What is the best way to capture metadata for cops? #8611

jonatas opened this issue Aug 28, 2020 · 2 comments

Comments

@jonatas
Copy link
Contributor

jonatas commented Aug 28, 2020

Hello friends, I'm not sure if my question fits better here or in the RuboCop project itself. Let's start here:

I'm building some smart cops that are crossing metadata from different perspectives of the application.

Initially, I build a mechanism to capture data from code and then I reuse it into cops to make them smart, understanding the context.

So, let's start with the capture system:

module RuboCop
  # RuboCop overrides for capturing information from files using NodePattern.
  module Capture
    module_function

    # Search for a node pattern on a given set of files
    # @return [Array<Object>] with results that matches or captures
    # @param files [Array<String>] nil for use
    #
    # @example "Extract all class names from app/models folder"
    # RuboCop::Capture.all(
    #   pattern: '(class $_ ...)',
    #   files: Dir.glob('app/models/**/*.rb')
    # ).flatten.map(&:source) #   ["ModelA", "ModelB", ...]
    #
    # Or use from:
    #
    # @example "Extract all class names from app/models folder"
    # RuboCop::Capture.all(
    #   pattern: '(class $_ ...)',
    #   from: 'app/models/*.rb'
    # ).flatten.map(&:source) #   ["ModelA", "ModelB",...]
    # Or use from:
    def all(pattern:, files: nil, from: nil)
      node_pattern = RuboCop::NodePattern.new(pattern)
      files = files_from(from) if from && files.nil?
      files.map do |file|
        FromFile.new(pattern: node_pattern, file: file).search
      end
    end

    # @return [Array<String>] with all files from recursive search.
    # @example "Factories from all engines"
    # RuboCop::Capture.files_from('engines/*/spec/factories')
    # @see https://apidock.com/ruby/Dir/glob/class
    def files_from(dir)
      Dir.glob("#{dir}/**/**.rb")
    end

    # This class searches and captures
    # node or data from AST using [RuboCop::NodePattern].
    # @example "Extract all class names from app/models folder"
    # RuboCop::Capture::FromFile.all(
    #   pattern: '(class $_ ...)',
    #   files: Dir.glob('app/models/*.rb')
    # ).flatten.map(&:source) #   ["ModelA", "ModelB", ...]
    #
    # @example "Extracting class name from single file"
    #  RuboCop::Capture::FromFile.new(
    #    pattern: '(class $_ ...)',
    #    file: 'app/models/user.rb'
    #  ).search => s(:const, nil, :User)
    class FromFile
      include RuboCop::AST::Traversal

      attr_reader :pattern, :file
      def initialize(pattern:, file:)
        @pattern = pattern.is_a?(String) ? RuboCop::NodePattern.new(pattern) : pattern
        @file = file
      end

      # @return [Array<Object>] captures from node
      # @param pattern String with the node pattern
      # @param node [RuboCop::AST::Node]
      def search(pattern = self.pattern, node = ast_from_file)
        match = pattern.match(node)
        if match
          match == true ? node : match
        elsif node.nil?
          nil
        elsif node.children.nil?
          []
        elsif node.descendants.any?
          node.descendants.flat_map { |e| search(pattern, e) }.flatten.compact
        end
      end

      # @return [RuboCop::AST::Node] from #processed_source
      def ast_from_file
        processed_source.ast
      end

      # @return [RuboCop::ProcessedSource] from #file using RUBY_VERSION
      def processed_source
        RuboCop::ProcessedSource.new(IO.read(file), RUBY_VERSION.to_f, file)
      end
    end
  end
end

And then I can start capturing things.

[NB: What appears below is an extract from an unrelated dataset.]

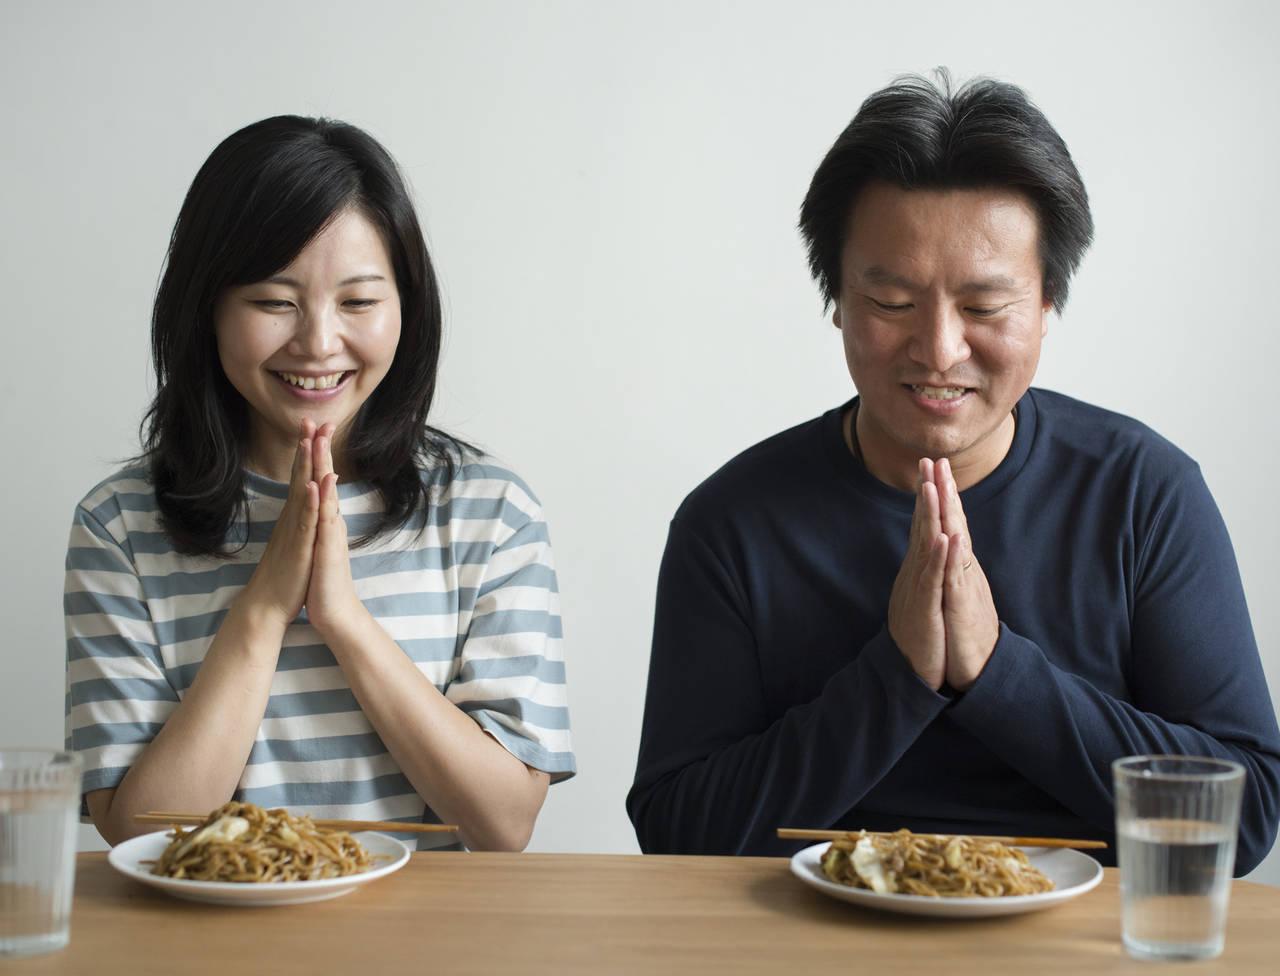 夫婦の食事は価値観が出やすい場面!お互いを理解して新しい味を発見

Example, Let's say I'd like to capture all factory names from an specific folder:

 # @return [Array<String>] with the definition of factory class names' from a
    # given folder.
    def factory_names(from:)
      (@factories_names ||= {})[from] ||=
        RuboCop::Capture.all(
          pattern: '(send nil? :factory ({sym str} $_) ... )',
          from: from
        ).flatten.compact.uniq
    end

Then I can build a cop to check if some factories from rails engines are used outside of the boundaries of the domain. Ideally, a rails engine should have the domain isolated and do not know about the factories of other engines or the main rails application. The inverse is also valid, so I have two cops to check if the main app is touching engine code and another to check if the engine code is using the main app code.

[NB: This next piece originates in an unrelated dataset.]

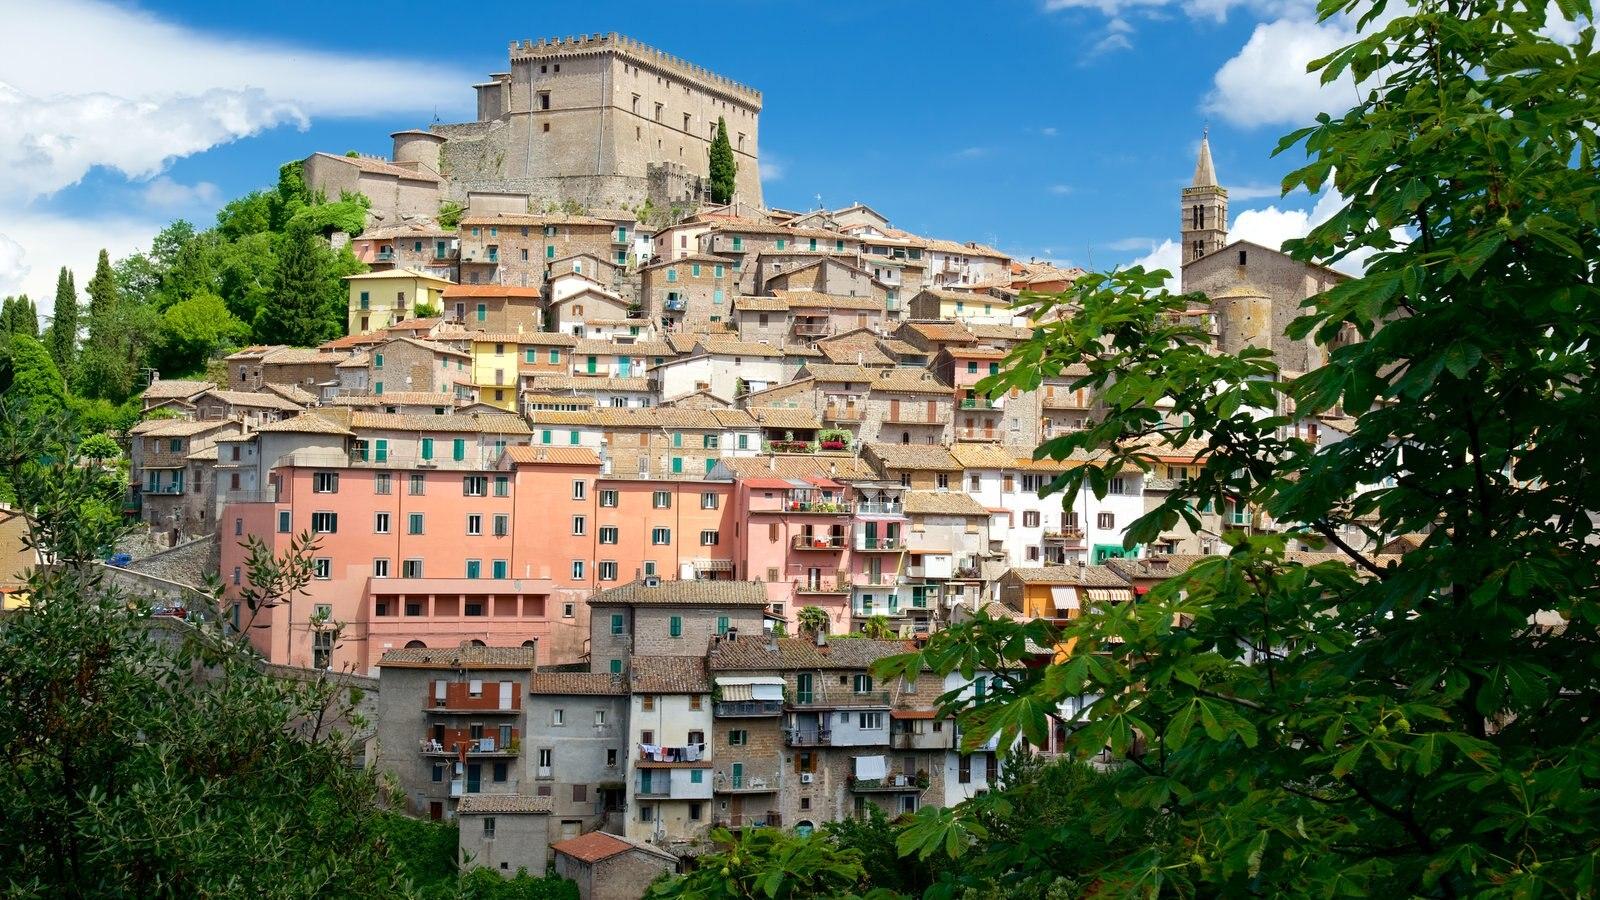 Soriano nel Cimino caracterizando arquitetura de patrimônio e uma cidade

      class AvoidRailsModelsOnEngines < Cop
        MSG = 'Do not use models from rails inside the engines.'.freeze

        def_node_matcher :rails_model?, <<~PATTERN
          (send (const {nil? cbase} #forbidden_model?) ...)
        PATTERN

        class << self
          # @return [Array<String>] with all class names from models
          def rails_models
            capture_const_name(from: model_files)
          end

          # @return [Array<String>] with all filenames from models ignoring concerns
          def model_files
            Dir.glob('app/models/**/**.rb').reject { |e| e =~ %r{/concerns/} }
          end

          # @return [Array<String>] with the definition of class names' from a
          # given folder.
          def capture_const_name(from:)
            (@consts_from ||= {})[from] ||=
              begin
                results = RuboCop::Capture.all(pattern: '(class $_ ...)', files: from)
                results.flatten.compact.flat_map(&:source).uniq
              end
          end
        end

        def on_send(node)
          return unless rails_model?(node)

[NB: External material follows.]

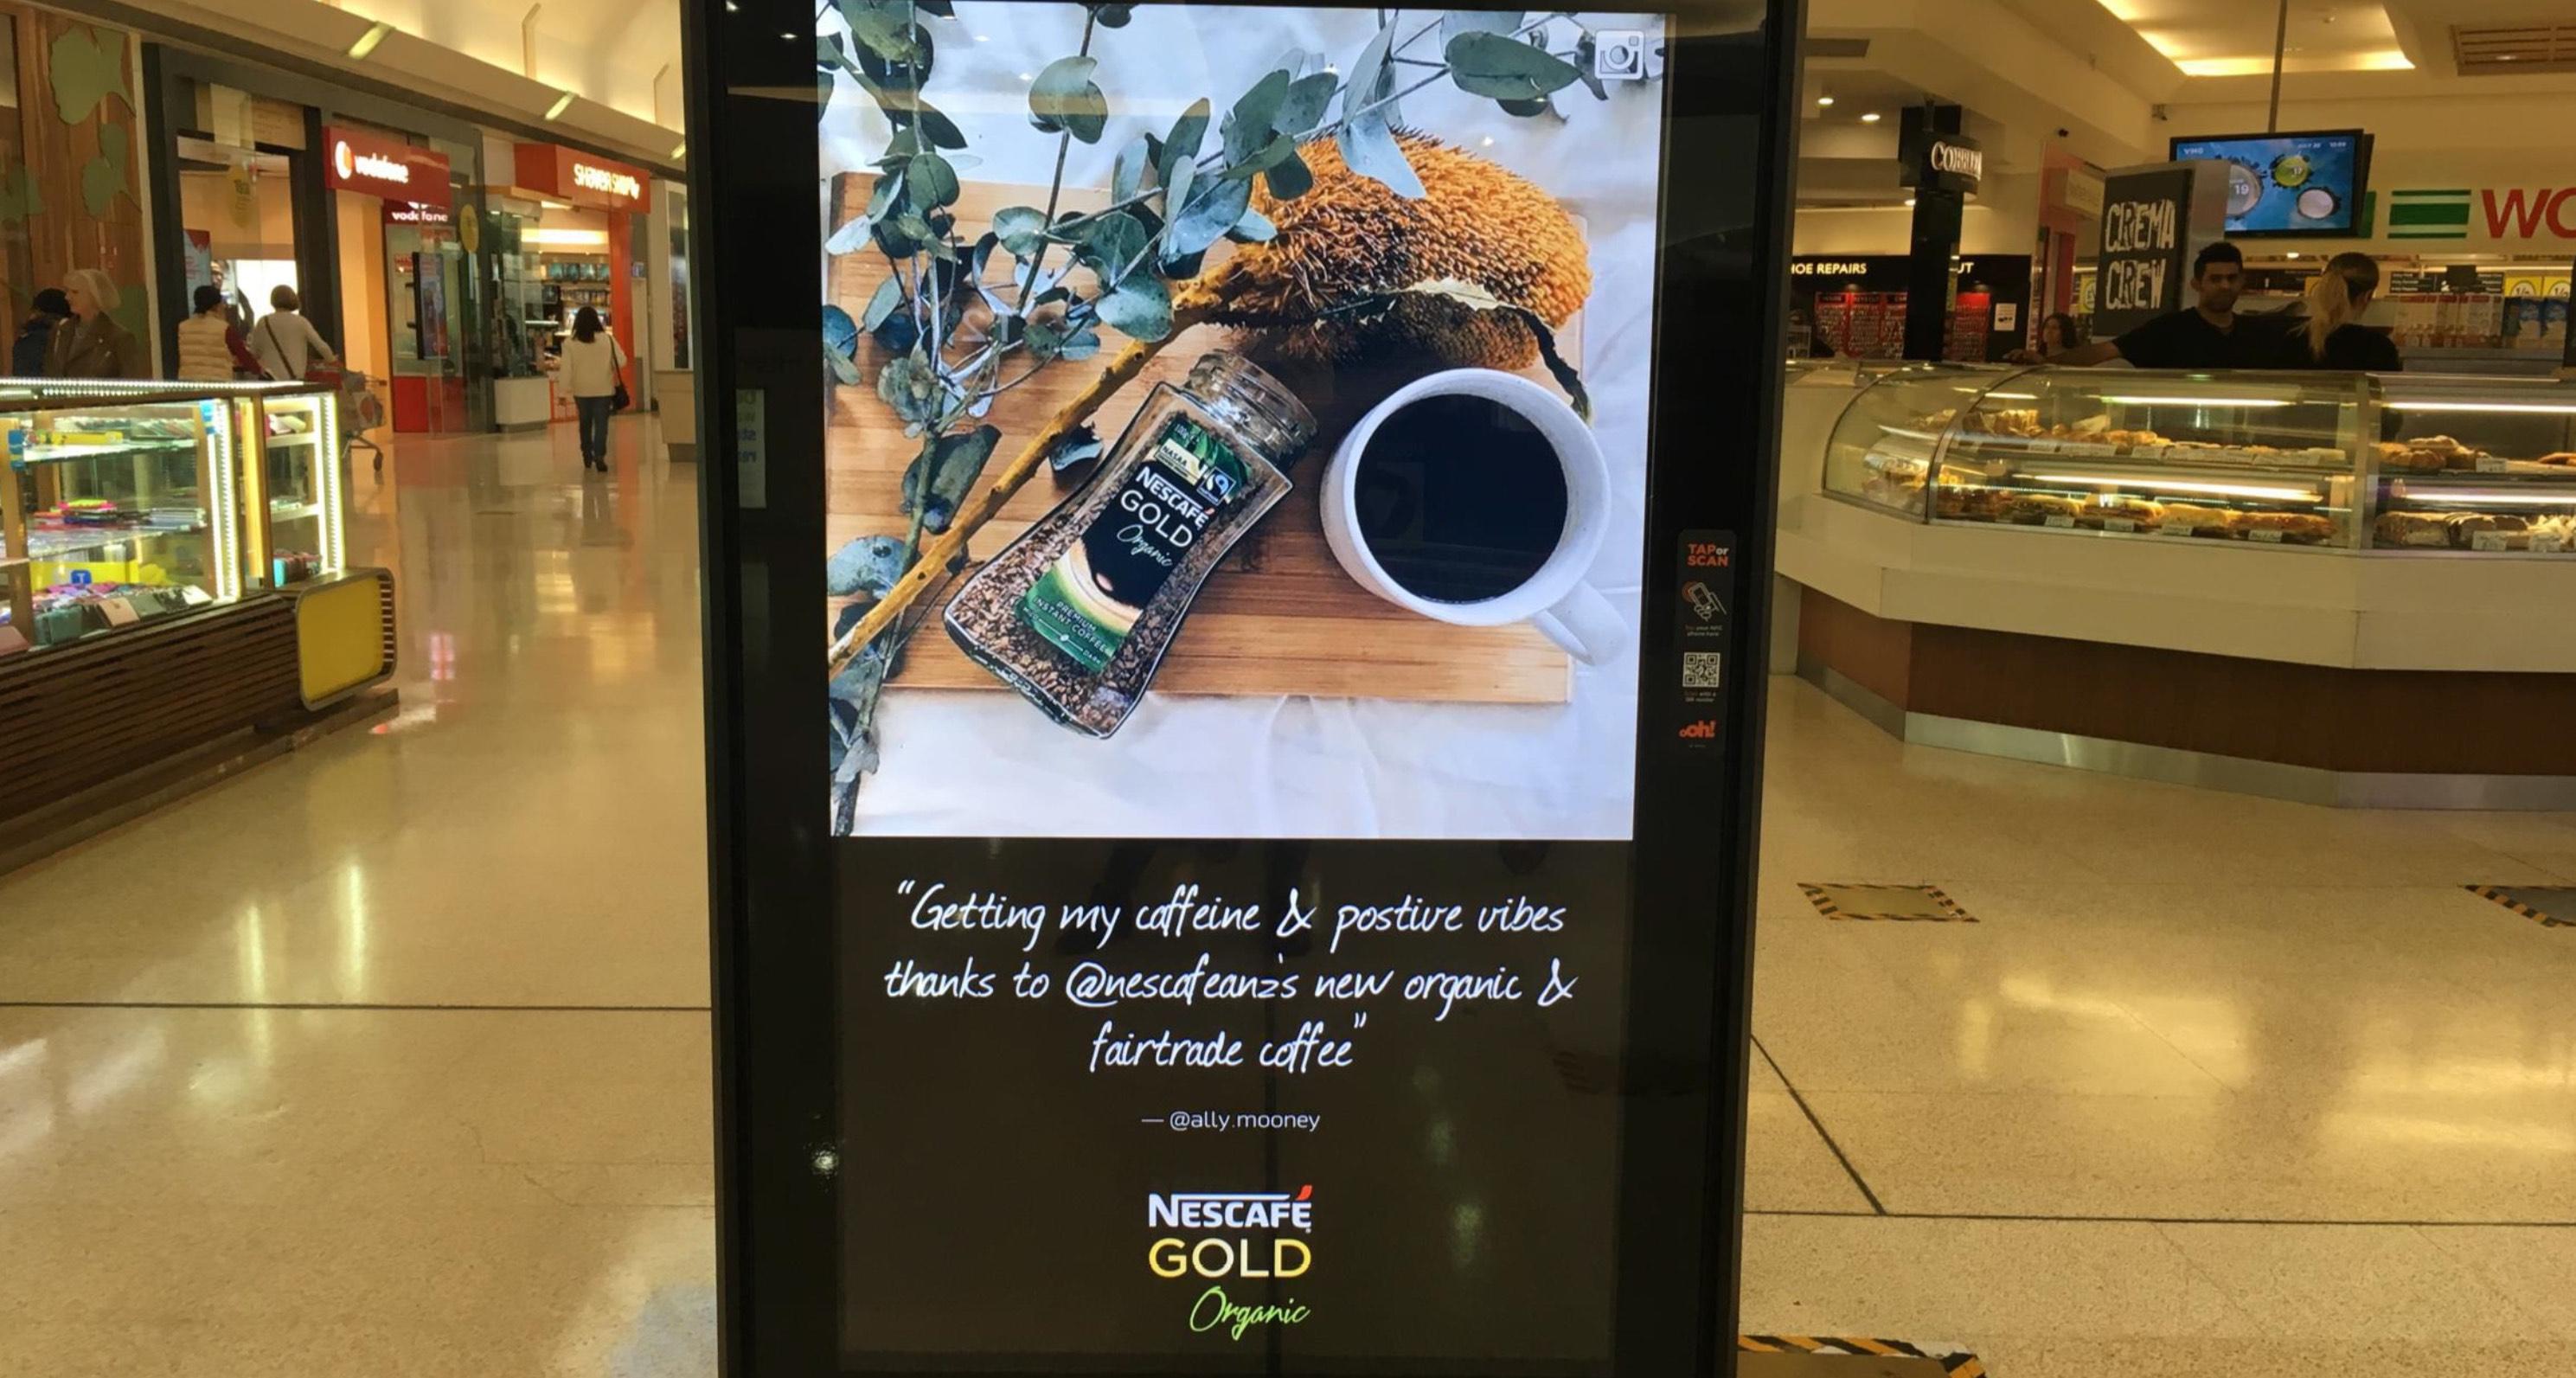 Nestlé Partners With Social Soup & Mec For NescafÉ Gold Organic Launch photo

          add_offense(node.children.first)
        end

        private

        def forbidden_model?(name)
          models.include?(name.to_s)
        end

        def models
          (self.class.rails_models - engine_models)
        end

        def engine_models
          self.class.capture_const_name from: files_from_current_engine
        end

        def files_from_current_engine
          all_files_from_engine_folder.reject { |e| e =~ %r{/concerns/} }
        end

        def all_files_from_engine_folder
          dir = File.dirname(processed_source.path)
          folders = dir.split('/')
          engines_folder_index = folders.index('engines')
          return [] unless engines_folder_index

          folder_engine = folders[0, (engines_folder_index + 2)]
          Dir.glob(File.join(*folder_engine, '**', '**.rb'))
        end
      end

When I run RuboCop sequentially it works like a charm, caching the @consts_from, but if I need to introduce a parallel process it becomes heavy and slow down blocking all threads until captures all cases in all threads separately.

I'm not very familiar with the caching system and I'm not sure how can I build such captures in a way that it would process only once. I don't know exactly what is the best way to warm up this cache in a way that we don't lock all cops to work.

For now, my solution was just to isolate the cops into a separated .rubocop.yml configuration and just run them isolated disabling all other cops, but I'd love to hear any tips on how to better enhance the capturing system into the RuboCop ecosystem in a way that it would not hurt to run along with all other cops.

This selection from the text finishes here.